Strengthening community-based forest management to protect the Da Bac’ Forests in Viet Nam

Landscape of Viet Nam
  • Country: Viet Nam
  • Support area: Conserving natural carbon sinks / forestry
  • IKI funding: 110,650 euros
  • Project start: 01/02/2023
  • Project end: 31/01/2025
  • Website:

Due to its location in the highlands, the Da Bac District in Viet Nam is vulnerable to the negative impacts of climate change, particularly extreme weather events. This IKI Small Grants project aims to counteract the negative impacts of climate change in the region by developing and applying a partnership mechanism for effective forest management in Da Bac District. It empowers local communities, especially ethnic minorities, and other stakeholders, to directly coordinate forest management in the region.


Seven rainstorms and tornadoes, 17 storms, and 21 floods have hit the region since 2015, resulting in collapsed houses, destroyed agricultural and forestry land. Under these circumstances, well managed forests are a key component to stabilise land management and to mitigate impacts of weather extremes.


2,500 people are the direct target group of this project, including 50 per cent women. The project targets local communities but also government agencies, non-governmental organisations, and other stakeholders related to forest protection and forest management in Da Bac District.


This IKI Small Grants project supports threatened marginal communities to practice community forest management and conservation. The project develops and applies a cooperation mechanism among stakeholders to manage and protect effectively the forest in Da Bac District. It aims to improve the capacity of local people, especially ethnic minorities and vulnerable people. It thus enables the target groups to directly coordinate and manage the forest area, protecting it, and apply sustainbale land planning.

To start off, the project organises five training courses for Forest Management Groups. In cooperation with these communities, the project develops participatory management systems that comply with government regulations.

Members of the Forest Management Groups review current forest management regulations and plans as well as the responsibilities of stakeholders. They then develop the forest management plans for the next periods. Based on that, the project identifies activities and responsibilities of stakeholders in forest co-management that suit the local context. As a result, a consensual forest co-management agreement among the Forest Management Groups, local communities, and local authorities is issued and reinforced.
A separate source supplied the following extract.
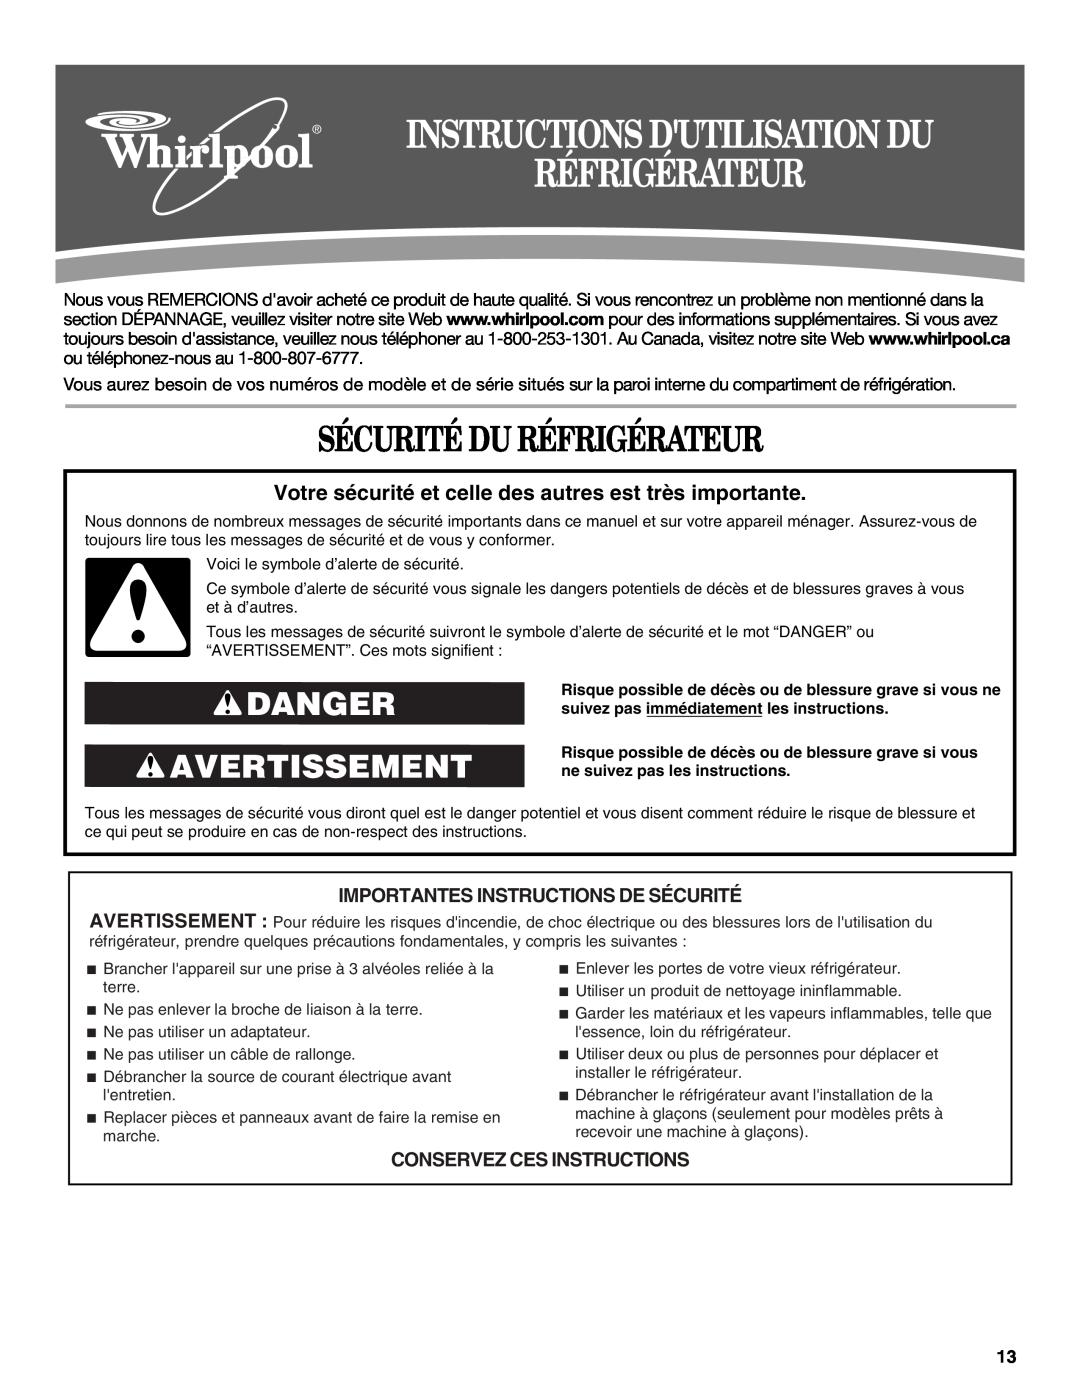 Whirlpool W10208840A, W10208839A Sécurité Du Réfrigérateur, Danger Avertissement, Importantes Instructions De Sécurité

In addition, the project promotes synergies between many different stakeholders such as governmental organisations, non-governmental organisations, and the private sector.  Partners on the provincial level include representatives of the Department of Agriculture and Rural Development (DARD), the Department of Natural Resources and Environment of Ho Chi Minh City (DONRE), and the Da River Project Forest Management Board (FMB). On a district level, the project cooperates with the People’s Committee (PC) of Da Bac and the Muong Chieng People’s Committee.


IKI Small Grants supports the center for Research on Initiatives of Community Development in their organisational capacity development through:

  • Advanced English courses focusing on proposal writing
  • Fundraising trainings from private sectors (businesses, philanthropists, and individuals)
  • Social communication skills
  • Regularly updating RIC’s Website, Fanpage, and Brand Identity


The Center for Research on Initiatives of Community Development (RIC) was established in 2009 as a non-governmental organisation. RIC promotes and develops self-management ecosystems towards inclusive and sustainable development of rural and mountainous communities, especially ethnic minority communities. Its field of work focuses on community-based construction, operation, and maintenance of infrastructure, climate resilience through natural resources governance and developing sustainable livelihood models as well as community education and communication.